UN "HOSPITAL DE LOS HORRORES" EN EL PUNTO DE MIRA DE REPUBLICANOS Y FRANQUISTAS

 

El doctor Leopoldo Benito Fuertes, fotografiado en agosto de 1936 con taquilleras y acomodadoras de la Asociación de Dependientes de Espectáculos Públicos de UGT que asistían a los milicianos en la entonces casa de reposo, futuro Hospital Militar n.º 14, destinado a presos derechistas, prisioneros de guerra y automutilados del ejército republicano, en el convento de las Mercedarias de la calle de la Puebla 1. (Foto: Almazán. "Ahora", 4 de agosto de 1936, Biblioteca Nacional de España)

La historia del Hospital Militar n.º 14, creado por los republicanos en Madrid para presos derechistas, prisioneros de guerra y automutilados de sus propias fuerzas militares, constituye uno de los capítulos más sombríos de la Guerra Civil. Situado en el incautado convento de las Mercedarias de la calle de la Puebla, junto a la Gran Vía, las denuncias de los malos tratos a los enfermos, con gravísimas acusaciones como la de aplicarles inyecciones de  pus, abandonarlos sin cura o aislarlos durante meses en habitaciones inmundas, provocaron dos procedimientos judiciales contra su personal: uno impulsado por las autoridades republicanas durante la contienda y otro abierto después por los franquistas. Un caso insólito del que escribí el pasado marzo en el suplemento "Crónica" de "El Mundo" (https://www.elmundo.es/cronica/2021/03/04/6037a43ffc6c8386138b45be.html), gracias a la amabilidad de su director, Ildefonso Olmedo, y que hoy rescato ampliado en este blog.       

Una noche de 1938, en plena Guerra Civil, en el Hospital Militar n.º 14 de Madrid, en la calle de la Puebla 1, a la sombra del edificio de la Telefónica de la Gran Vía. Una joven enfermera, Teodora Palomo, de 22 años, cruza los desiertos pasillos. Imprevistamente se encuentra con un capitán médico provisional, Alfonso Fernández, tinerfeño de 38 años. Se sobresalta y tiene razones para ello: el doctor es temido por todas las compañeras por acosador. De hecho, el capitán médico se abalanza sobre ella, la agarra fuertemente de los brazos e intenta besarla. Ella se resiste, logra desasirse y huye con tanta ansiedad que está a punto de desmayarse al llegar a su cuarto.

La joven enfermera relató este episodio en su declaración en un expediente por acoso sexual abierto por las autoridades republicanas contra el doctor Fernández. Con este expediente comienza a escribirse una terrible historia, otra más, del Madrid triplemente sitiado por las bombas, el terror y el hambre, que movió a intervenir, caso insólito, primero a la justicia republicana y después a la franquista.
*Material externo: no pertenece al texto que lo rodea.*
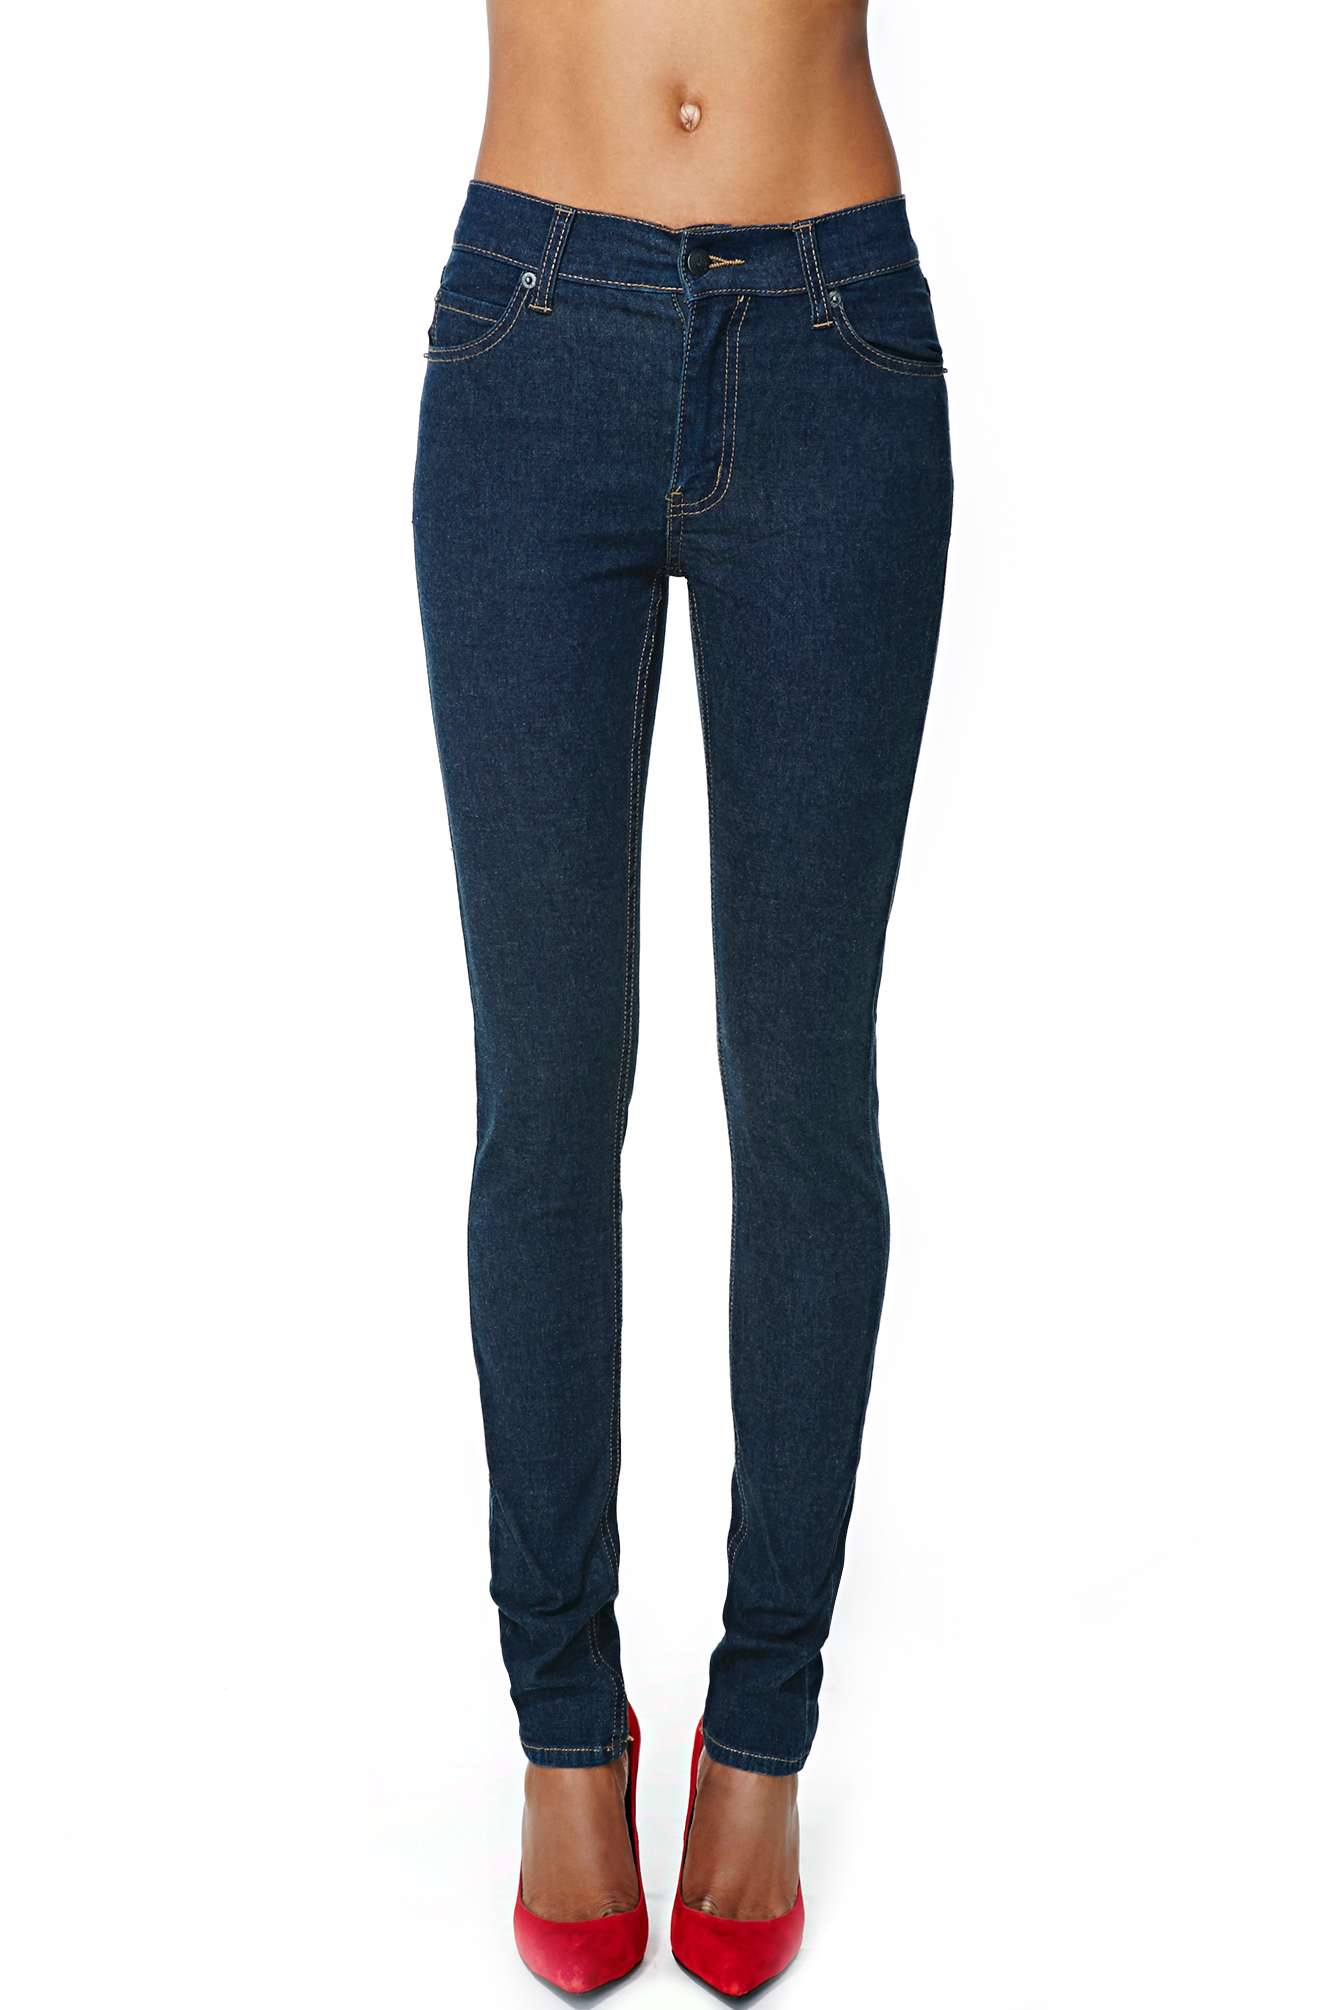 Lyst Nasty Gal Cheap Monday Tight Skinny Jeans Very Stretch One Wash

Una historia, la del Hospital Militar n.º 14, conservada en la causa 1808 del Archivo General e Histórico de Defensa de Madrid, en la que asoman desde el abismo de la guerra las entrañas de la condición humana: muerte, dolor, odio, crueldad, traición, venganza, amor, sexo… 

Vista en Google Maps de la fachada del convento que da a la calle de la Puebla. Durante la guerra, el hospital-prisión fue alcanzado por cuarenta proyectiles de artillería pese a tener presos derechistas.

El Hospital Militar n.º 14 se radicó en un convento de madres mercedarias del siglo XVII, que fueron desalojadas al comienzo de la guerra. Las monjas regresaron en 1939, restaurando la iglesia, los espacios conventuales y el colegio, que hoy sigue funcionando. Guardianas celosas de su convento, las religiosas prefirieron desestimar mi petición de visitar sus dependencias y sótanos cuando les hablé de mi intención de escribir sobre el hospital que allí se instaló en la guerra. Una de las monjas me corrigió con un susurro: “De hospital nada, esto fue una checa”.  

A los pocos días del golpe militar del 17 de julio de 1936, la Asociación de Dependientes de Espectáculos Públicos, de UGT, se incautó del edificio para convertirlo en “Residencia de Reposo” para convalecencia de milicianos heridos. Como director se nombró a un joven médico del mismo sindicato, Leopoldo Benito Fuertes, madrileño de 28 años, también facultativo de la Beneficencia Provincial, quien aparece fotografiado en el patio, rodeado de taquilleras y acomodadoras que hacían de enfermeras, en un reportaje sobre la residencia que publicó la revista “Ahora” el 4 de agosto de 1936.



Arriba, imagen del patio del colegio de las Mercedarias convertido en casa de reposo para milicianos en agosto de 1936, perteneciente al mismo reportaje que la primera fotografía (Foto: Almazán. "Ahora", 4 de agosto de 1936. Biblioteca Nacional de España). Sobre estas líneas, aspecto actual del mismo patio desde una perspectiva similar (Foto del autor) 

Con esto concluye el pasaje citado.